This is one of the most difficult posts I have ever made. I am a alcoholic and I am ashamed of it. I had my last drink on Thursday and I attended my first AA meeting Friday night.
Today I woke up and soo desperatly wanted to run to the store but I didn't.
I am a stay at home mom and once the kids left for school I tried to keep busy and I took a nap.
Welcome to MIP, Jen. Damn straight it does when we knuckle down & do whatever it takes. That for me was doing as you've done, attending A.A. meetings & staying in touch with other alcoholics. Stay faithful to what's suggested & at 4 days sober I can assure you these will be the hardest days you may ever have to experience as far as getting sober is concerned. It is my experience that Sobriety keeps getting better & better because I am working the steps on a daily basis & so able to keep my thoughts & emotions in check.

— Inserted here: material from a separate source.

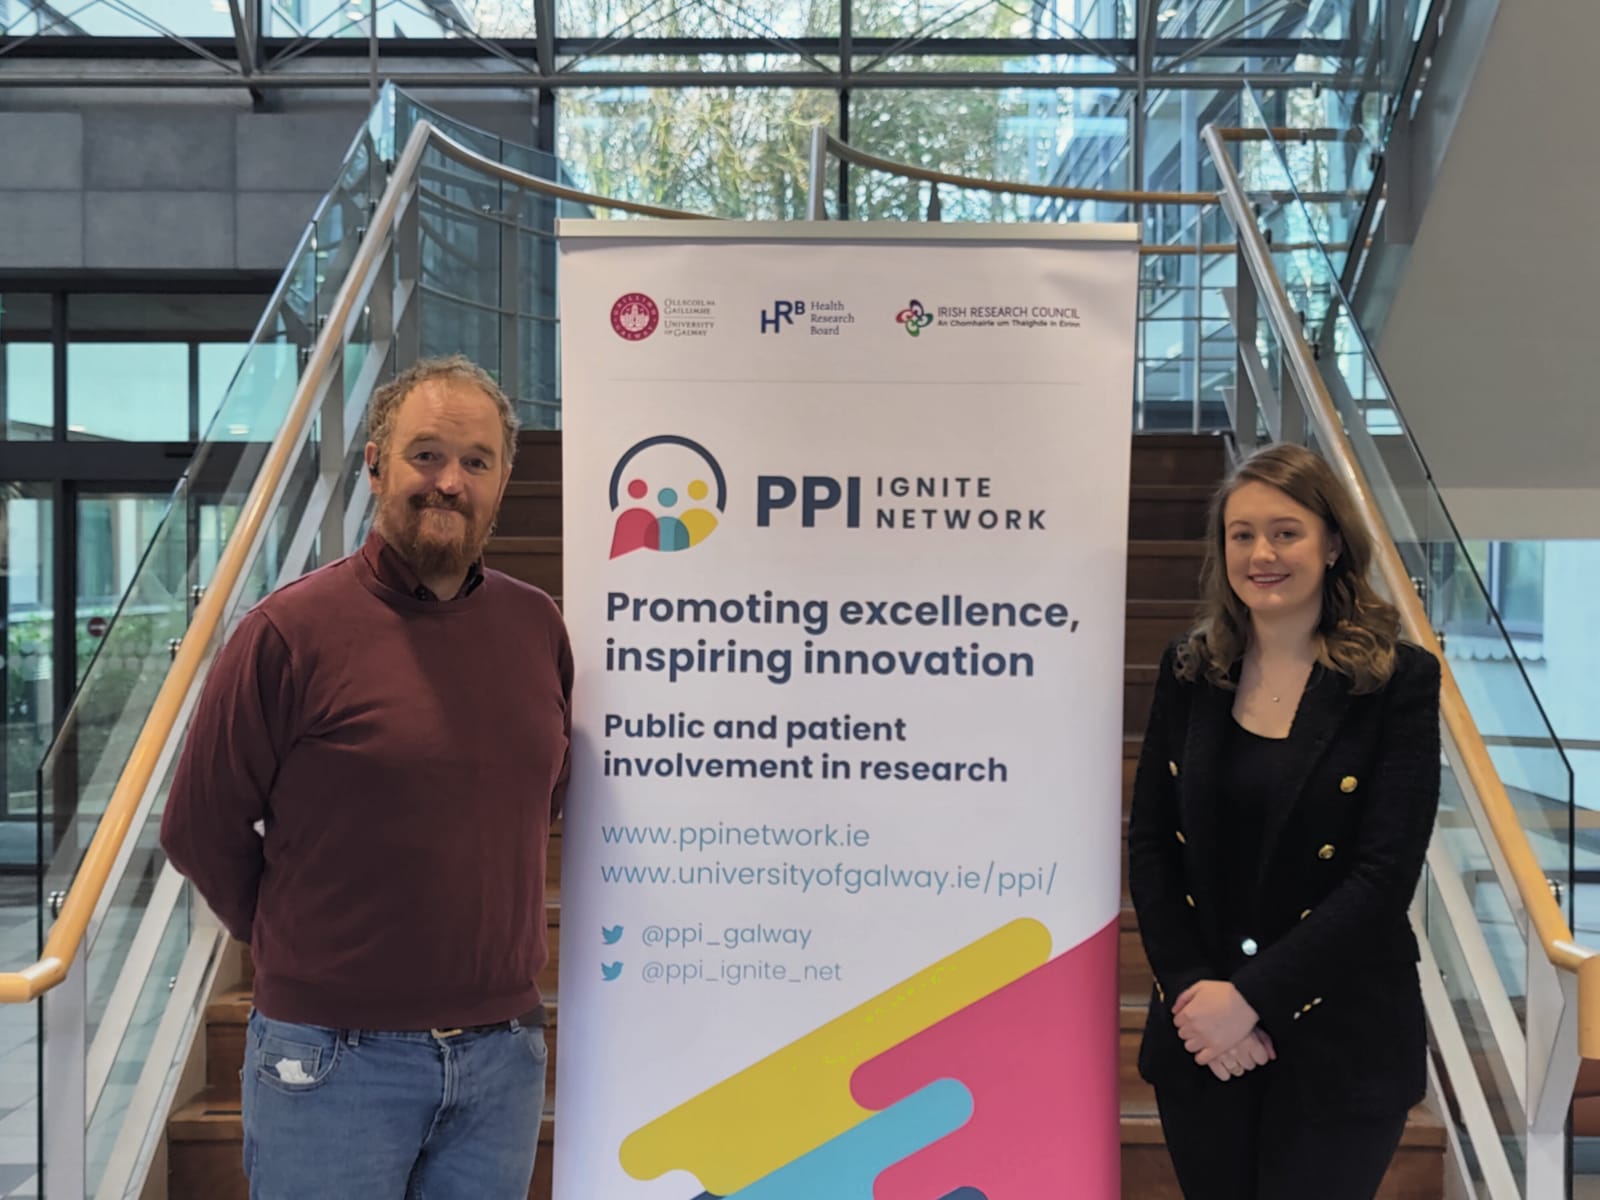 Brendan Dolan Postdoctoral researcher in the PPI Ignite Network @ University of Galway standing with awardee Saoirse Lally

Faced with the likelihood of an alcoholic death sooner or later if I go back to drinking this is undoubtedly the easier softer way. You are not alone. There are so many of us here who remember our first days, weeks & months getting sober. It does get easier & we will share our experience, strength & hope with you as we go. Being a newcomer is a particularly special time. I'm so thankful for the love & support I received when it was all I could hope for. It's still here for me today except today I also have a faith of my own understanding which brings me so much strength too.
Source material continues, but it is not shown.